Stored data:
============

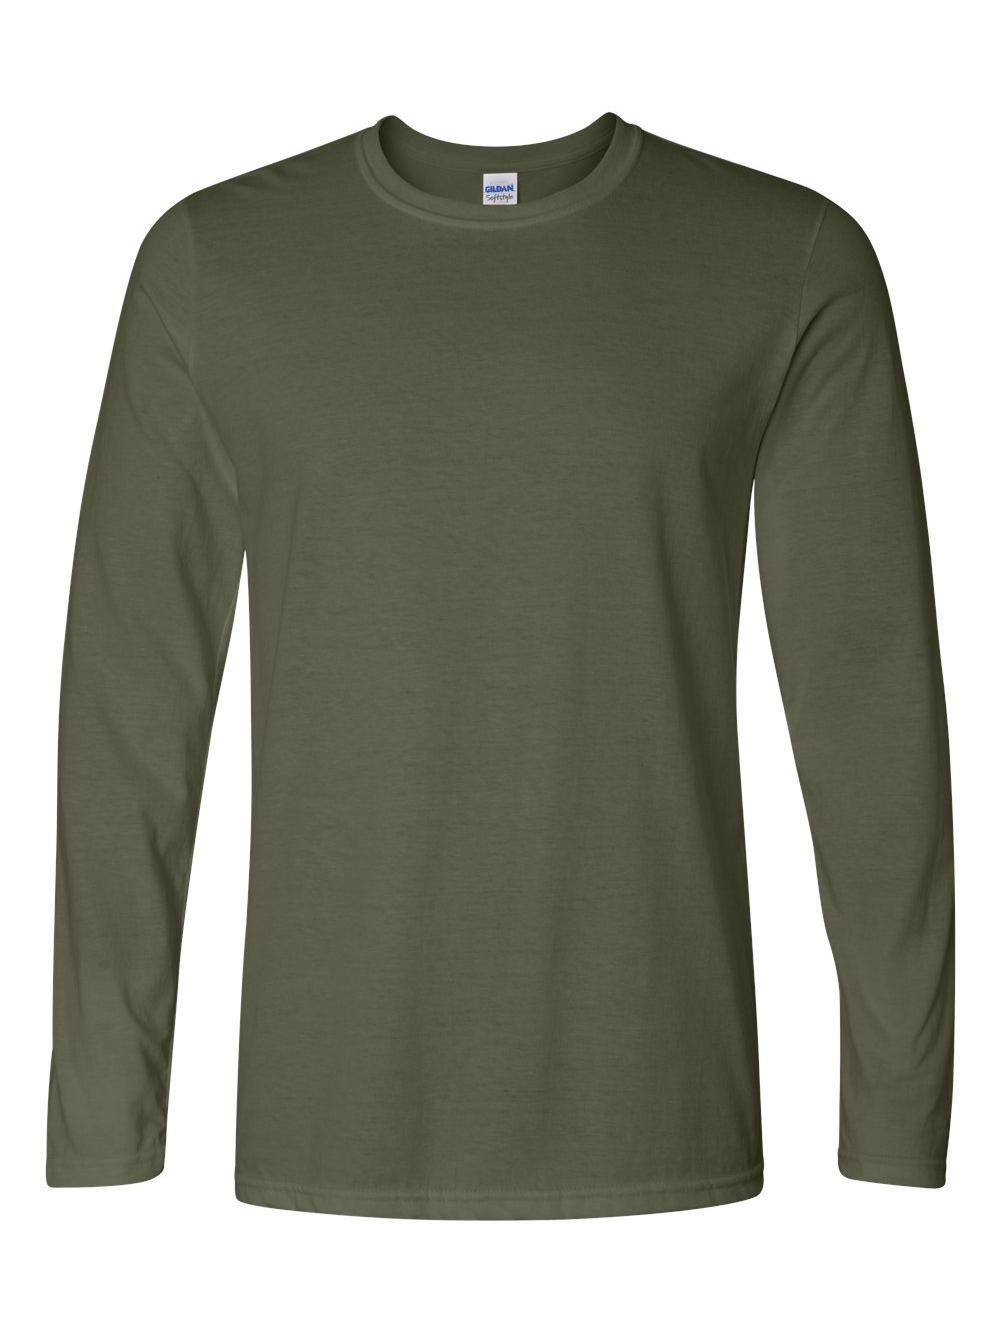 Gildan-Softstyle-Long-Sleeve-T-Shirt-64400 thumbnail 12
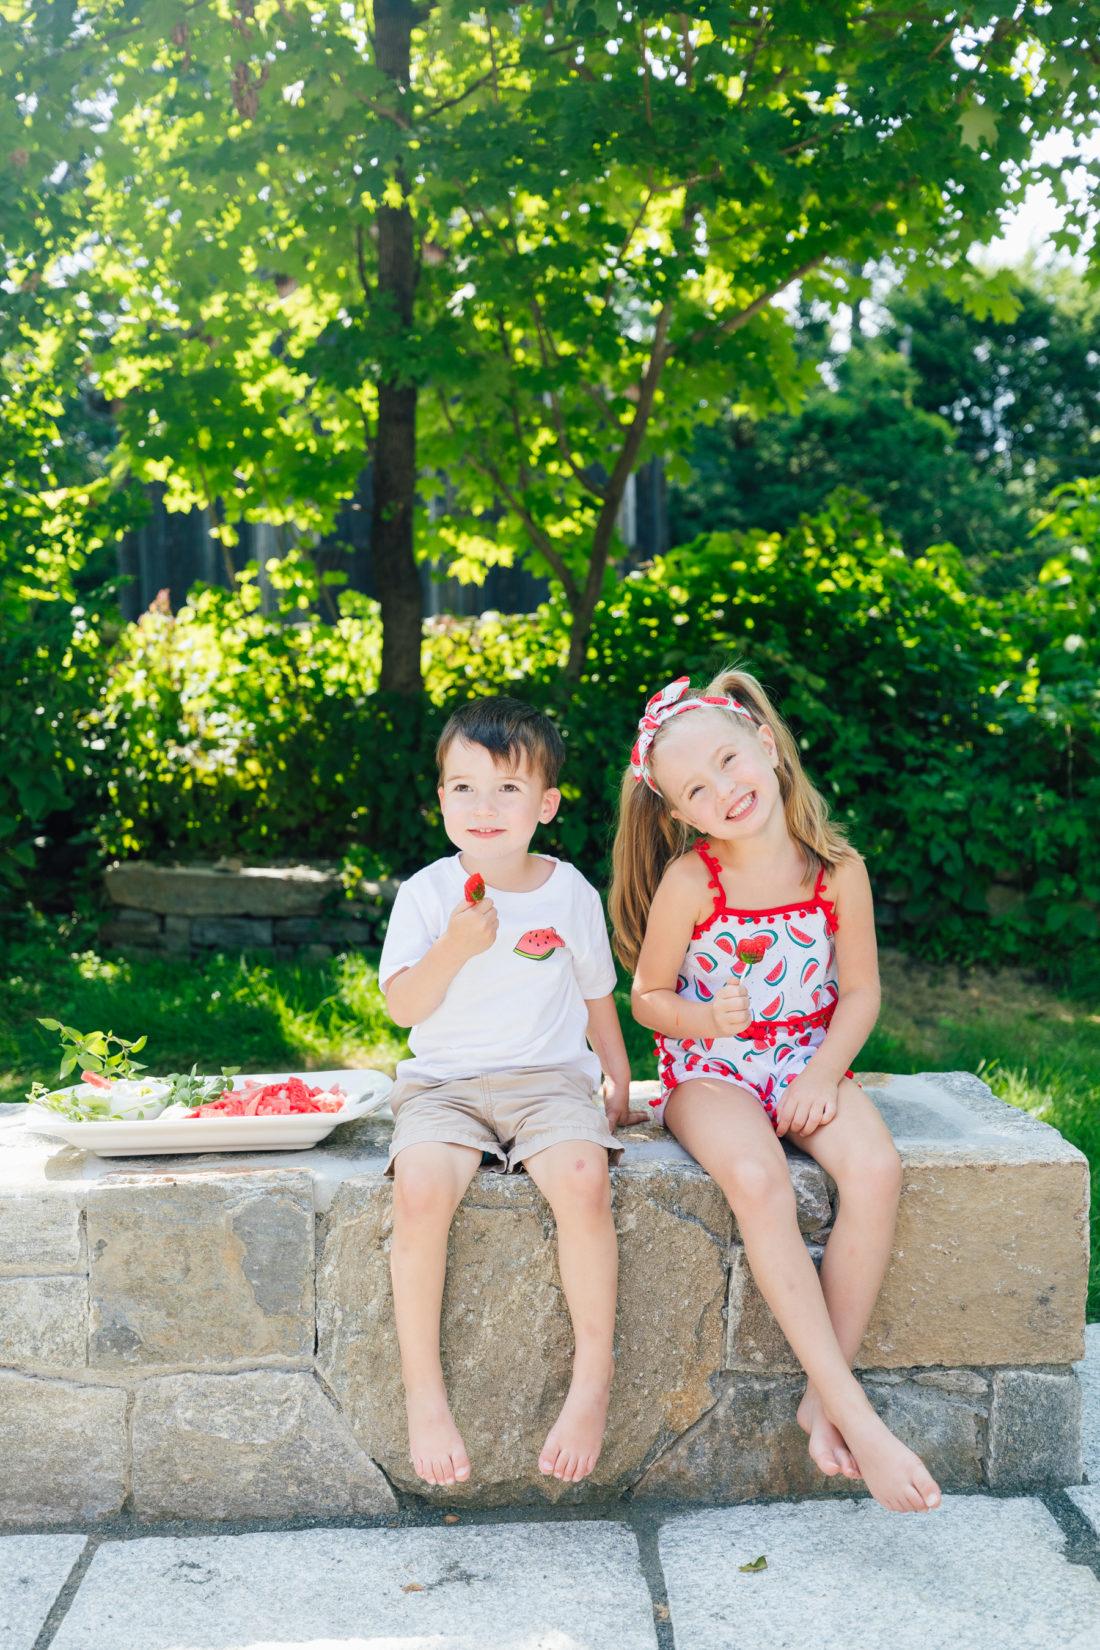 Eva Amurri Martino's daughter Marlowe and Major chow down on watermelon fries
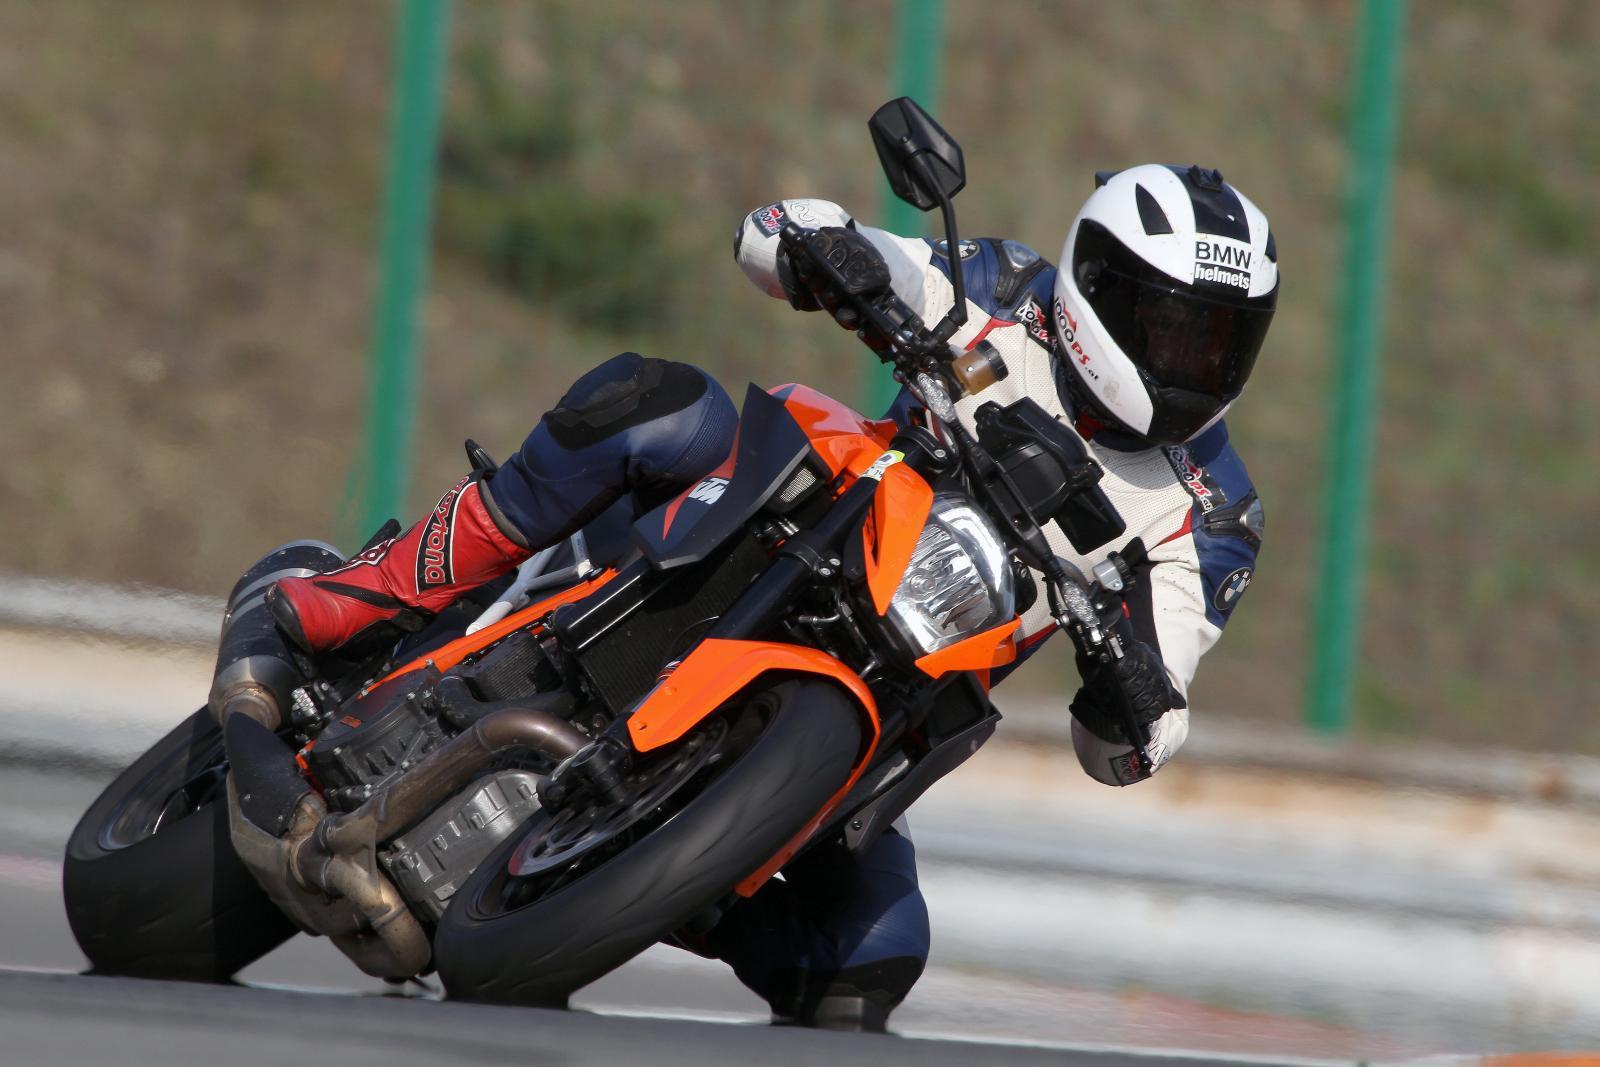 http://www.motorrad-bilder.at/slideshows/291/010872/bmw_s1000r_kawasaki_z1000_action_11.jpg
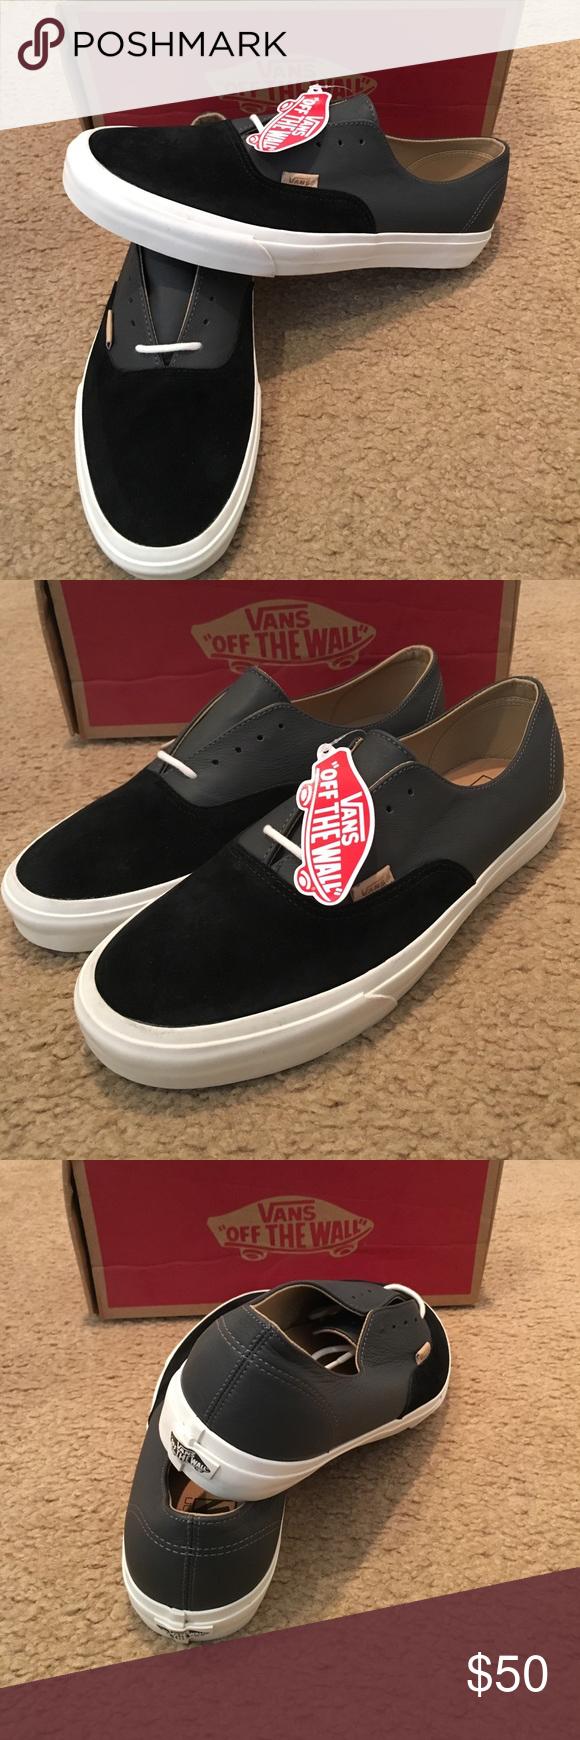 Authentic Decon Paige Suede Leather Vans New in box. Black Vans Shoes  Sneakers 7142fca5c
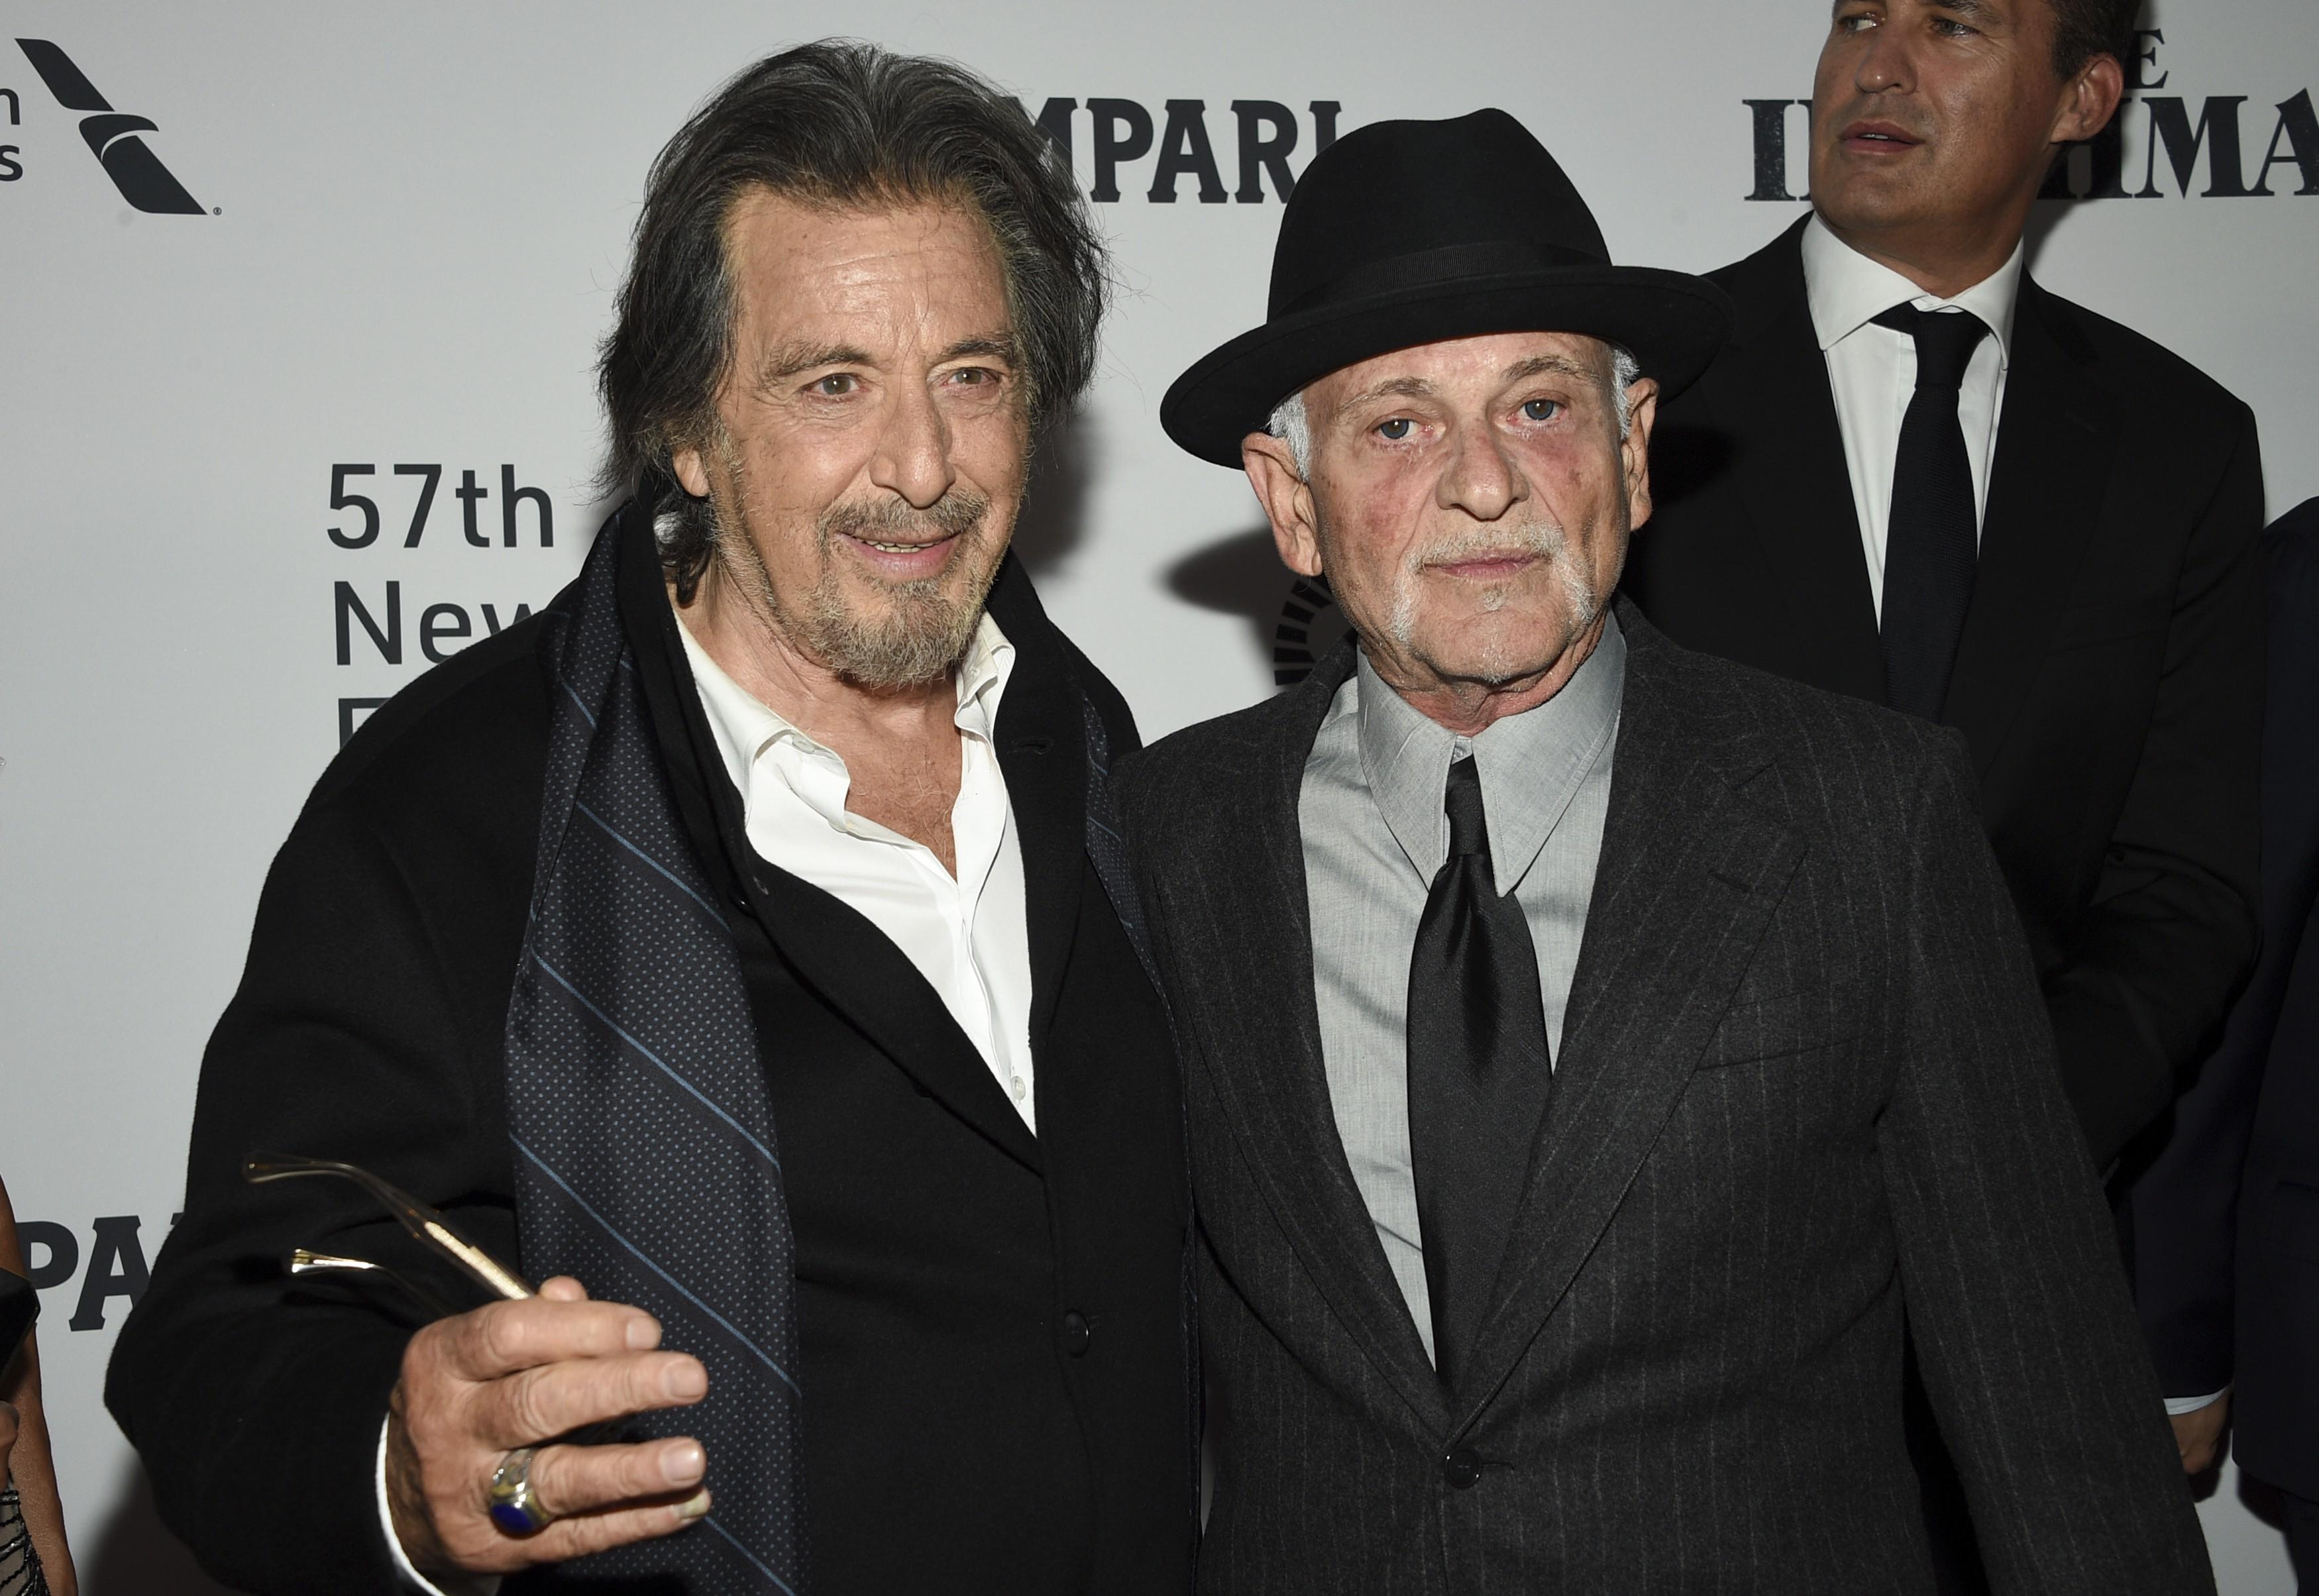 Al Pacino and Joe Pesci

============

### What you will do:
Please give the entries again word for word, without any pictures.

### Result of the task:
 Gildan-Softstyle-Long-Sleeve-T-Shirt-64400 thumbnail 12
 Eva Amurri Martino's daughter Marlowe and Major chow down on watermelon fries
 http://www.motorrad-bilder.at/slideshows/291/010872/bmw_s1000r_kawasaki_z1000_action_11.jpg
 Authentic Decon Paige Suede Leather Vans New in box. Black Vans Shoes  Sneakers 7142fca5c
 Al Pacino and Joe Pesci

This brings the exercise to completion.